In the most recent periodic cycle, the scale of trade imbalances has become larger that covered more regions and countries. The new characteristics led to severe global economic imbalances, particularly the China-US economic imbalances, which resulted in financial instability on a world-wide basis, especially in emerging markets, and has sowed the seeds of global financial and economic crises.
Ⅲ The United States successively “generates” wealth in mysterious ways by taking advantage of the dollar’s status
ⅰ The United States has a unique “wealth-generating mechanism”
Americans are used to consume and are reluctant to save. The US household saving rate has remained around zero or even negative for years. However, US investors received unprecedented returns and risks were hidden by the cycle of “financing → purchasing financial assets (assets accretion) → more financing → purchasing new financial assets (assets accretion again)”. Since 1990, the wealth accumulation of rising US stock prices and house prices has created a “wealth effect” which boosted US consumption and economic growth. Besides, the US has the privilege to distribute US banknotes to the rest of world without restraint. In the past 10 years, with China’s integration into globalization, China has not only become a production base for the US manufacturing sector, but has become a de facto US bank. The US uses dollars to purchase cheap goods from China, and then China exchanges these US dollars with US Treasury bills. This process forms an excellent bilateral circulation of commodities and currencies.

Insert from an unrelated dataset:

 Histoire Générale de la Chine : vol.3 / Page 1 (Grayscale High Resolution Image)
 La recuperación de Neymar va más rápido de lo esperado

ⅱ US huge external debt strangely disappeared
The circulation of goods and currencies between China and the United States is well operated through the US developed financial system. A large amount of China’s savings is transferred to United States through China’s investment on US T-bills, part of which is used to support US to successively purchase products from China; and part of which flows back to China in the form of FDI and hot money. By this means, the United States not only suppresses domestic inflation but obtains high returns on investments in China. The United States is a country of borrowing to live that experiences fiscal deficits and current account deficits almost every year and keeps running the “double deficits” policy. In recent years, the United States has large current account deficits with a rising trend. In theory, the total amount of US gross external debt should increase gradually. However, it has de facto unusually remained stable at between 2.2 and 2.4 trillion US dollar. In the past four years, the annual increase in the amount of US current account deficits was about 400 to 600 billion. Since 2005, this number has increased to more than 700 billion and in 2008 after the financial crisis it has surpassed 1 trillion US dollars. However, the total amount of US external debt declined instead of increase. In other words, the huge US external debt strangely disappeared.
ⅲ Three channels to make the US external debt disappeared strangely
The first channel is the dollar depreciation. As a result of the unfettered printing of the dollar by the Fed, the dollar comes to state of long-term depreciation, which is de facto debt repudiation. The second channel is the accretion of the US assets through high returns from the US foreign investments. For example, the United States borrows dollars from China through issuing treasure bills at little cost, and then invests the dollar in highly profitable sectors in China in the form of FDI, which rewards them more than 10% return. The third channel is the depreciation of the US external debt. When the dollar depreciates, the dollar assets held by foreign governments is about to shrink values. This is how the United States engages in capital operation on global basis, very “impressive” indeed!